Юрий Пахомов – Трагедия в крепости Сагалло (сборник) (страница 16)
О том, что дела мои, как говорится, швах, я понял по тому, как забегал персонал. Меня перевели в реанимацию, чьи-то нежные руки приложили к губам пахнувший резиной раструб, в легкие стала затекать холодная, с острыми пузырьками вода. Палата заполнилась зеленым светом, впрочем, кажется, я лежал не в палате, а на дне бассейна, отделанном белым кафелем. Рядом со мной присел Гриша Снесарь, на нем было выгоревшее хэбэ и кирзовые сапоги. В такой форме в институте мы участвовали в тактических учениях.
– Ты не мандражируй, – сказал Гриша, поглаживая шрам на лбу, – там так же, только спокойней.
Гриша исчез, и все пространство палаты заполнили отвратительные мохнатые пауки, они бегали по моему распростертому телу, я ощущал уколы их острых коготков. Затем беспамятство, темнота, даже не темнота, как бы серая предрассветная муть, наполненная надоедливым, монотонным гулом. Нет, я не видел ни черного туннеля, в конце которого голубело круглое отверстие, не испытал ощущения полета и понял, что умираю по снизошедшему на меня покою и чувству абсолютной свободы.
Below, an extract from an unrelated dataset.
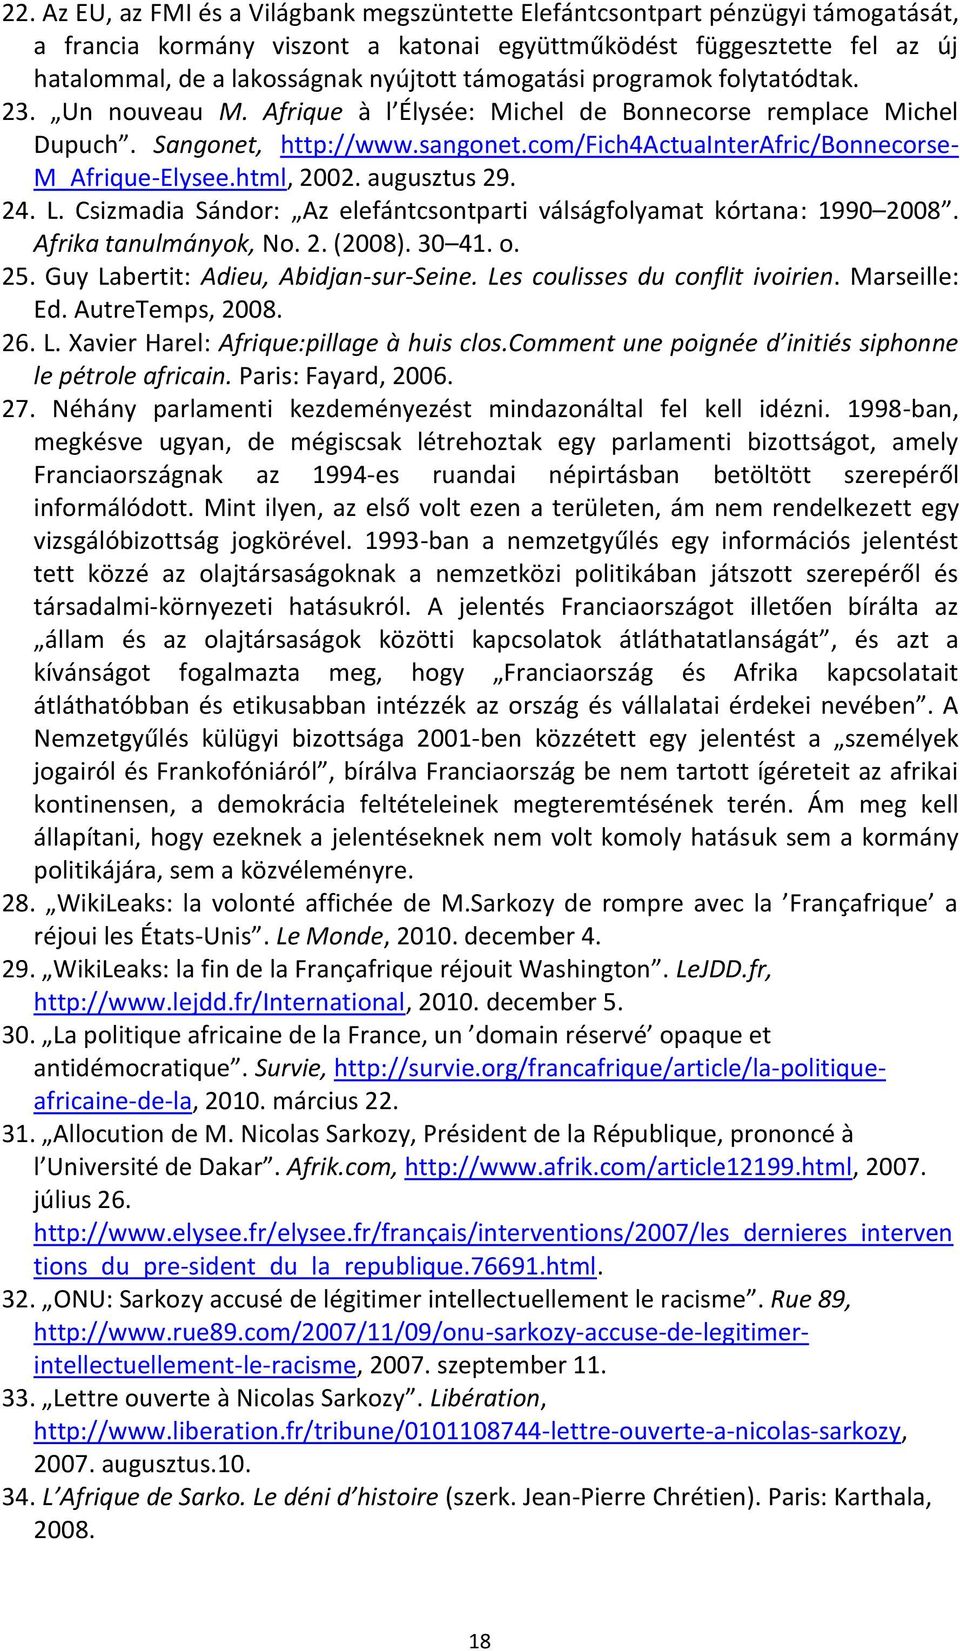 com/fich4actuainterafric/bonnecorse- M_Afrique-Elysee.html, 2002. augusztus 29. 24. L. Csizmadia Sándor: Az elefántcsontparti válságfolyamat kórtana: 1990 2008. Afrika tanulmányok, No. 2. (2008).

А когда я очнулся в реанимационном отделении Центрального военного госпиталя имени Бурденко, первое, что испытал, – сожаление – жизнь возвращалась ко мне. Меня перевели в одноместную палату для тяжелых больных. И всякий раз, выныривая на поверхность медикаментозного сна, я видел перед собой усохшую, согбенную фигуру тети Поли, дремлющую в кресле, реже – отца в белом халате и не испытывал к ним никакого чувства. Нас разделяло нечто. Что именно, я не мог объяснить, проще говоря, я еще был там, а они здесь.
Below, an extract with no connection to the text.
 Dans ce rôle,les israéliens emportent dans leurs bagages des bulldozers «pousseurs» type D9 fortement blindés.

В Москве стояла влажная духота, в открытую форточку залетал тополиный пух. Я постепенно возвращался к жизни, с обостренной зоркостью наблюдал за тем, что происходит в травматологическом отделении. Рана в груди зажила быстро, а вот бедро доставляло немало неприятностей. Огнестрелов в ту пору в госпитале было мало, я оказался в центре внимания. У меня через день дежурила тетя Поля, заезжал отец, говорили мало, однажды появился генерал – начальник госпиталя, с ним еще два генерала, и мне прямо в палате вручили коробочку с орденом Красной Звезды. Внешне я выздоравливал, шустро скакал на костылях по госпитальному парку. Меня не беспокоило пробитое легкое, да и нога стала заживать, а вот в образовавшейся за грудиной пустоте поселилось тупое, холодное равнодушие. Как жить дальше я не знал. Одно ясно, меня комиссуют. Кому нужен хромой переводчик? И служить я больше не хотел. Снова участвовать в «неизвестных» войнах? Во имя чего? Гриша был прав: правители страны утратили ясность ума и потеряли контроль над ситуацией. С отцом я на эти темы не говорил, он курировал в ЦК легкую промышленность, но, как ни крути, все равно был функционером со Старой площади. А тут еще меня навестил однокашник по институту Гоша Симонян. Гоша из «арабистов», заканчивал Академию Советской Армии, готовился стать разведчиком. Мы, укрывшись в одном из уголков госпитального парка, распили бутылку армянского коньяка, разговорились.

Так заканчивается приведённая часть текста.